6. The research method for ecosystem feedback to meteorological drought according to claim 1, characterized in that, In step S4, the different levels of meteorological drought in the early stage include moderate drought, severe drought, and extreme drought. When analyzing the impact, the proportion of the decrease in the feedback critical threshold and the proportion of the decrease in feedback sensitivity under different drought levels are statistically analyzed. The influence of the previous drought level on the feedback critical threshold and feedback sensitivity is judged in combination with the spatial distribution characteristics.
7. The research method for ecosystem feedback to meteorological drought according to claim 1, characterized in that, In step S5, when constructing the XGB-SHAP attribution model, the selected influencing factors include: Meteorological factors: surface albedo ALB, evapotranspiration ET, shortwave radiation flux RAD_S, longwave radiation flux RAD_L, latent heat flux LH, sensible heat flux SH, wind speed WS, saturated vapor pressure difference VPD, air temperature TMP, precipitation PRE, and aridity index AI. Soil and topographic factors: Soil moisture content (SM), silt content (SILT), sand content (SAND), clay content (CLAY), elevation (DEM), soil organic carbon content (ORGC), and total nitrogen content (TOTN); Biological factors: Species diversity (ASR).

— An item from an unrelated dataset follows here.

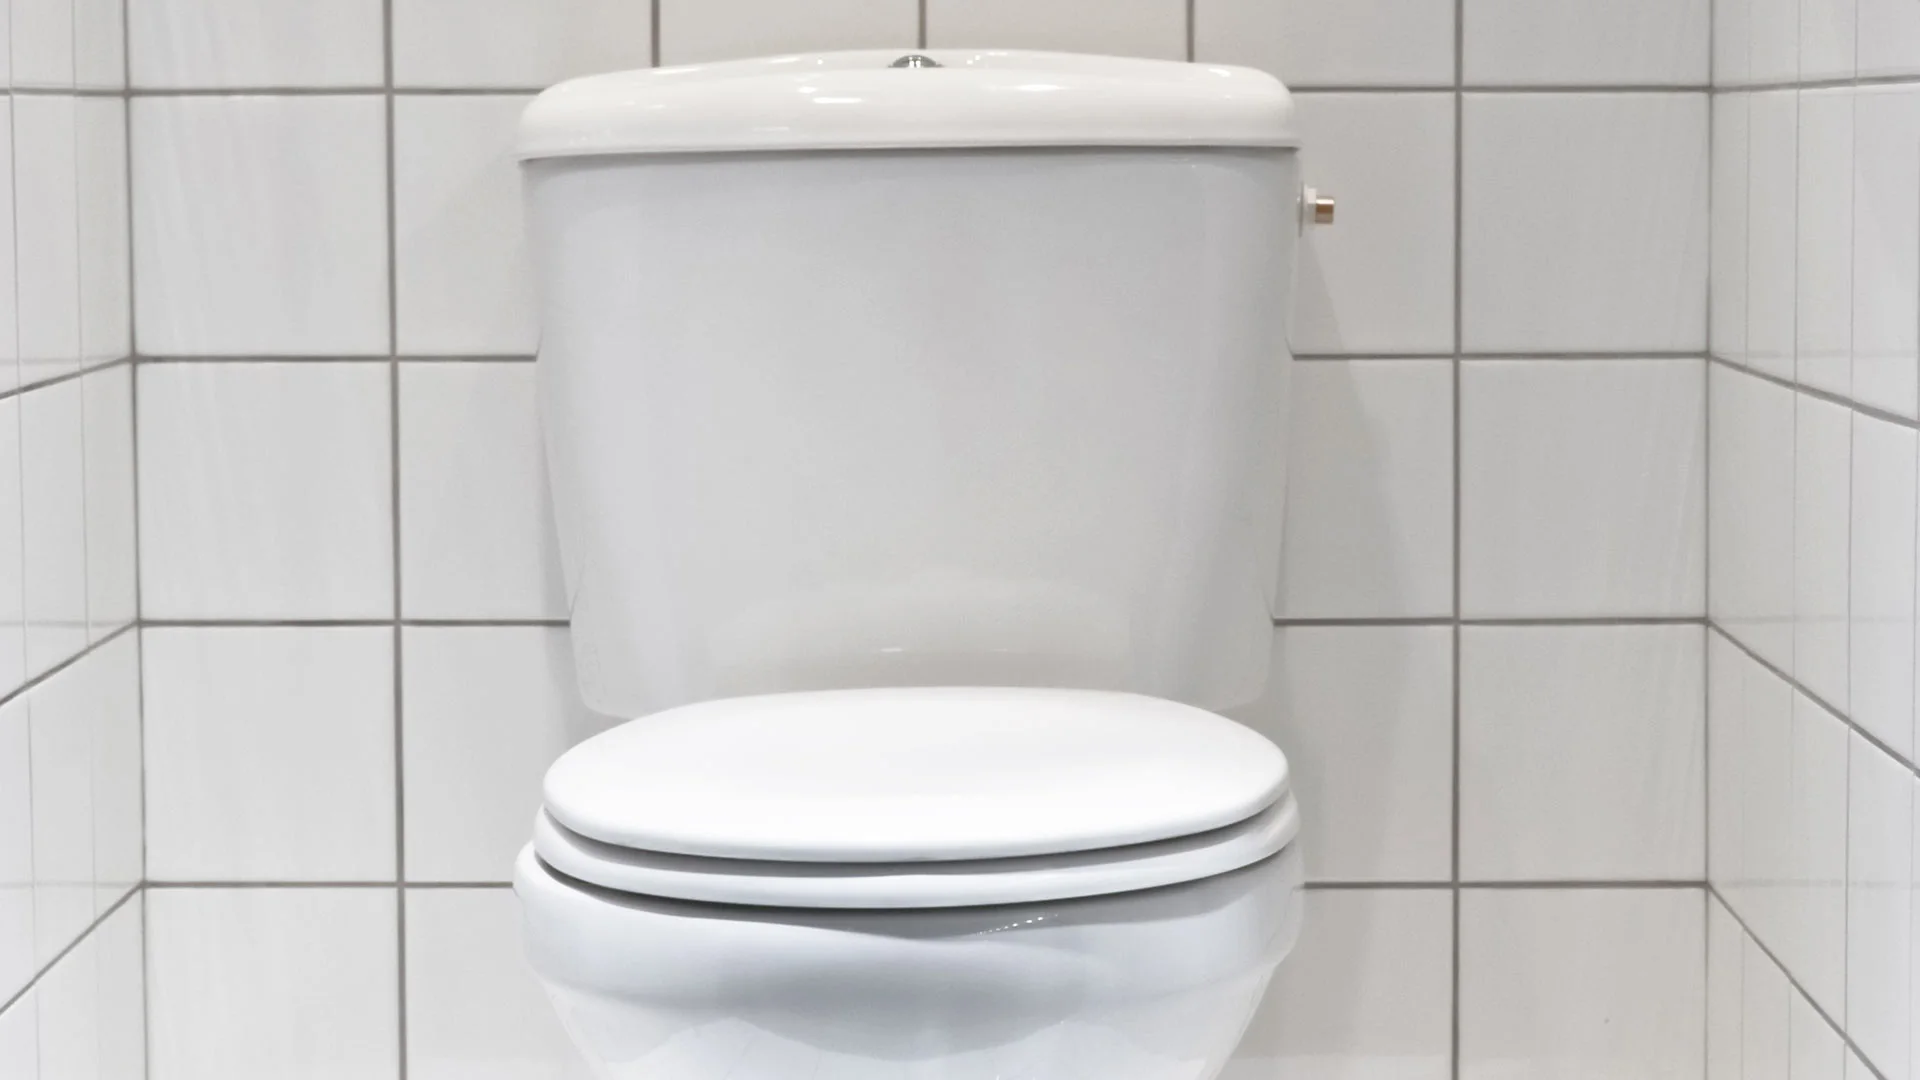 High-Efficiency Toilets vs. Regular Toilets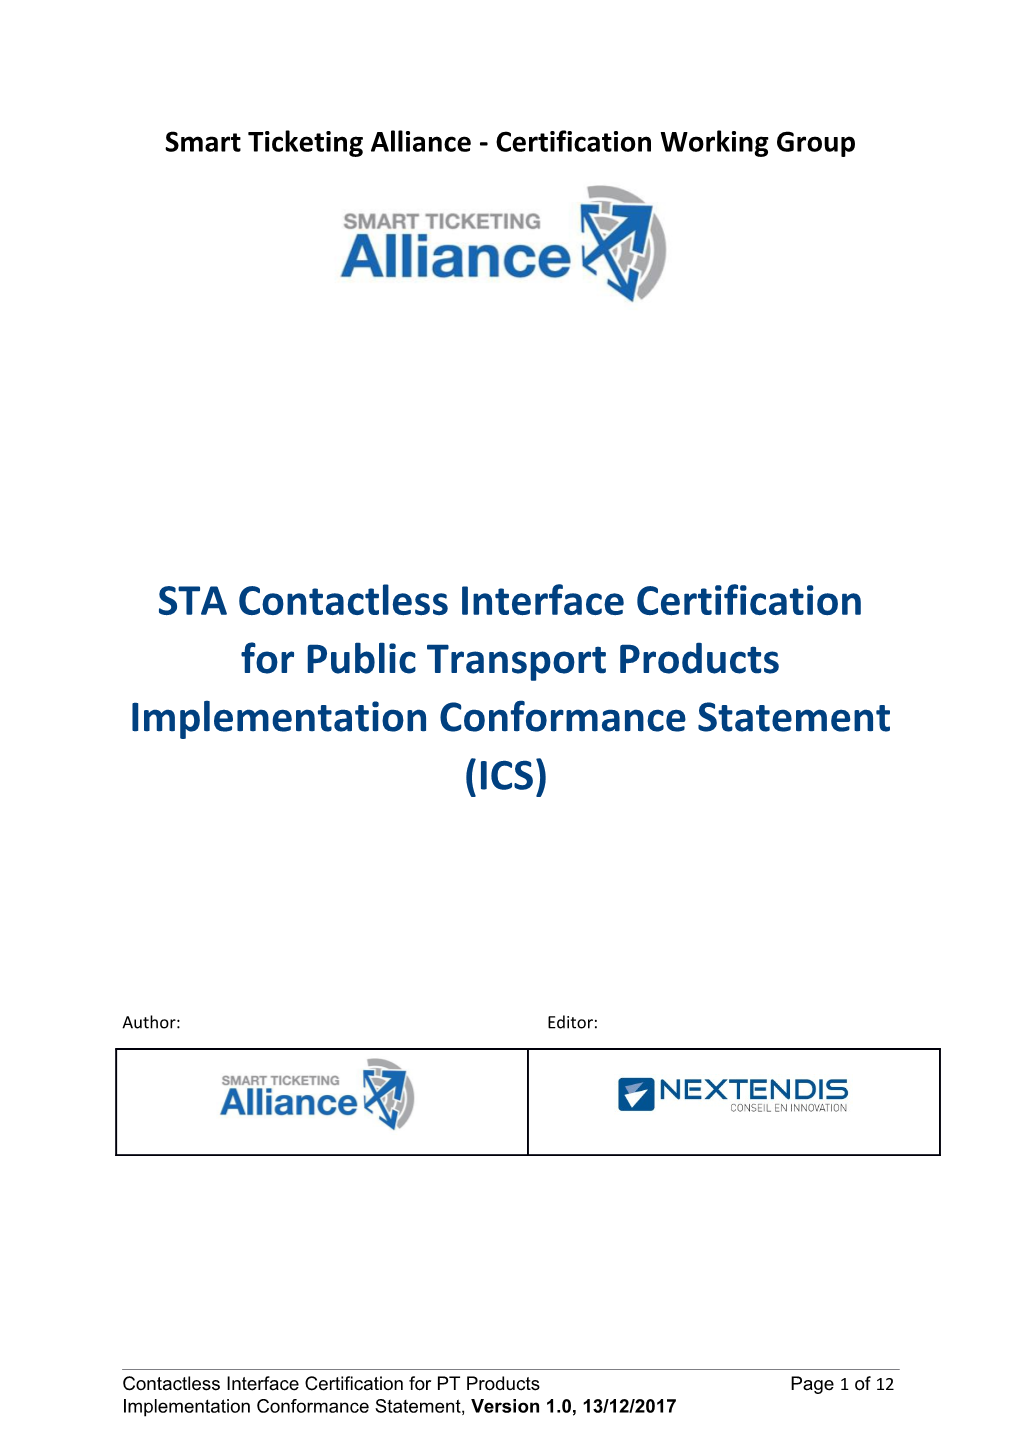 STA Implementation Conformance Statement (ICS)

8. The research method for ecosystem feedback to meteorological drought according to claim 7, characterized in that, In step S5, the construction process of the XGB-SHAP attribution model includes: S51: Divide the attribution data into a test set and a training set in a 2:8 ratio, and use five-fold cross-validation to determine the optimal parameters of the model. The optimal parameters include colsamplebytree, learningrate, maxdepth, n_estimators, and subsample. S52: Construct an attribution model based on optimal parameters, output the SHAP value of each influencing factor through the model, determine the direction of the factor's contribution to the target variable by the positive or negative sign of the SHAP value, and use the average absolute SHAP value as the characteristic importance of the factor to identify the dominant factor. S53: When exploring the feedback mechanism, the study area was divided into humid zone (AI≥0.65), semi-humid zone (0.65≥AI>0.5), semi-arid zone (0.5≥AI>0.2), arid zone (0.2≥AI>0.05), and extremely arid zone (AI≤0.05) based on the aridity index AI. The feedback mechanism was analyzed by combining the role patterns of dominant factors under positive and negative feedback states in different climate zones.